0.765 L H2 at STP is 0.0342 mol H2. The mole ratio of Zn to H2 is 1 to 1, so the sample contained 0.0342 mol Zn. This is 2.23 g Zn, so the percent zinc by mass is 2.23 g divided by 2.50 g times 100, or 89.2%. - 14
Phosphoric acid reacts with sodium hydroxide: H3PO4 + 3NaOH -> Na3PO4 + 3H2O. How many grams of Na3PO4 can form when 50.0 mL of 0.200 M H3PO4 reacts with 75.0 mL of 0.500 M NaOH?
The solution contains 0.0100 mol H3PO4 and 0.0375 mol NaOH. To use all the acid, 0.0300 mol NaOH is required, so H3PO4 is limiting. The reaction forms 0.0100 mol Na3PO4, which is 1.64 g Na3PO4. - 15
Octane combusts according to 2C8H18 + 25O2 -> 16CO2 + 18H2O. If 10.0 g C8H18 burns in 40.0 g O2, calculate the theoretical mass of CO2 produced and identify the excess reactant.
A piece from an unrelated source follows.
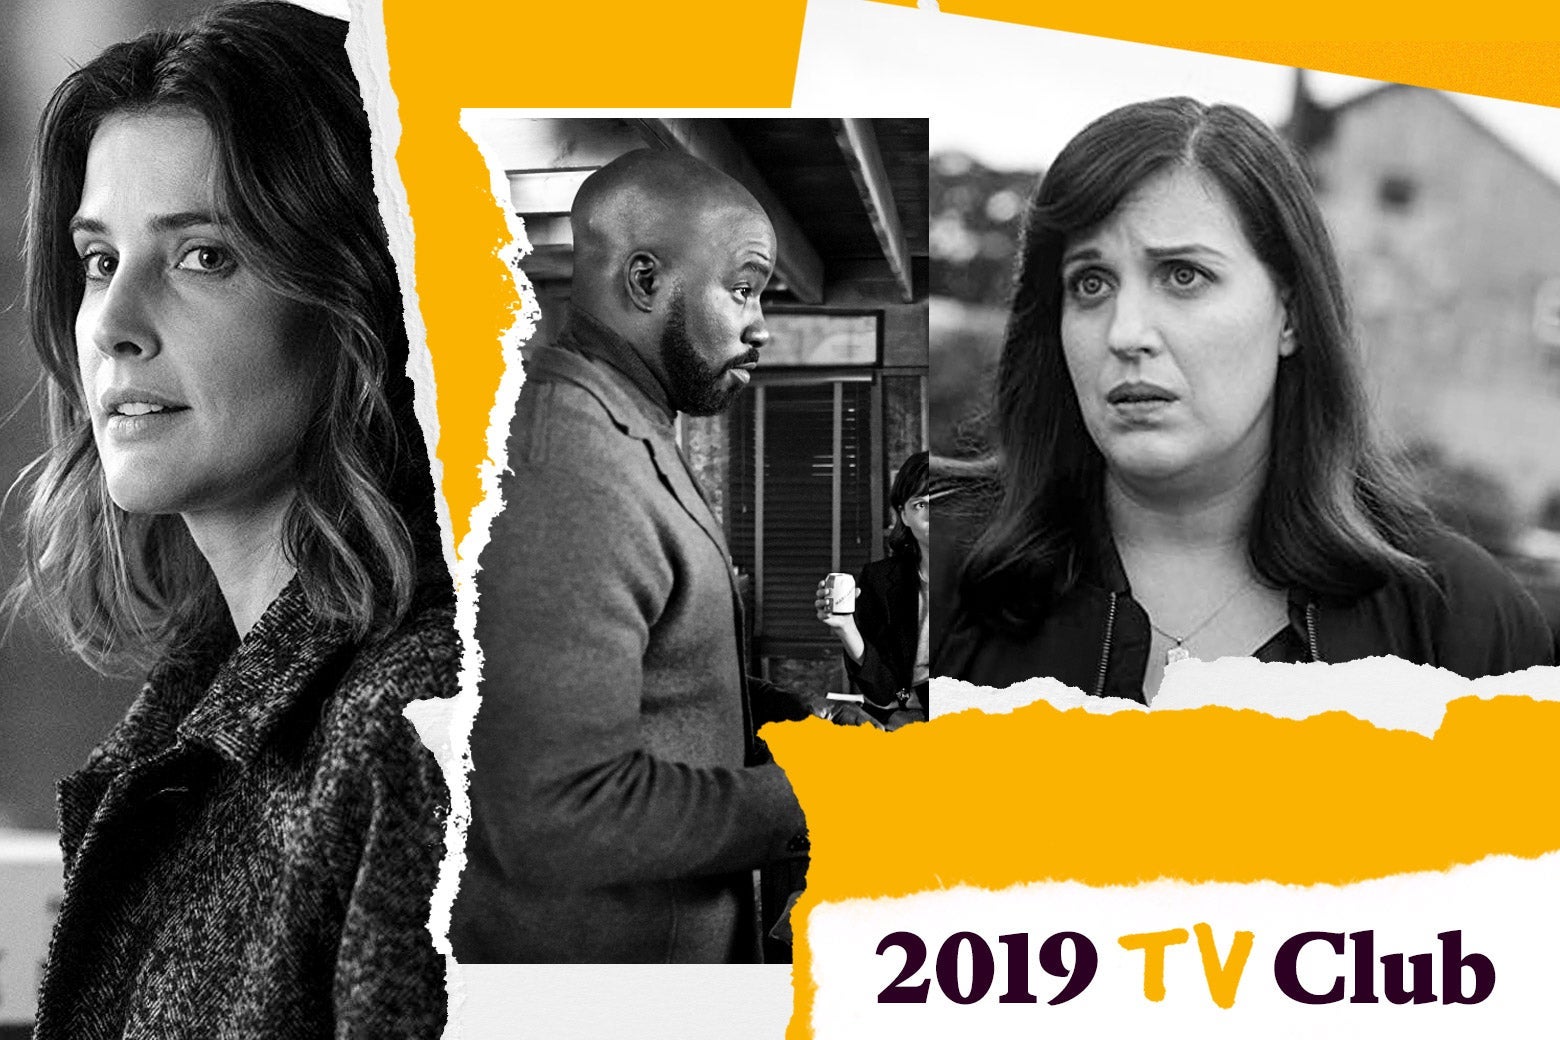 Cobie Smulders, Mike Colter, and Allison Tolman with text that says "2019 TV Club."

Use the octane to oxygen ratio 2 to 25, then use the limiting reactant to calculate carbon dioxide.
10.0 g C8H18 is 0.0875 mol octane, and 40.0 g O2 is 1.25 mol O2. Complete combustion of the octane would require 1.09 mol O2, so oxygen is in excess and octane is limiting. The reaction produces 0.700 mol CO2, which is 30.8 g CO2.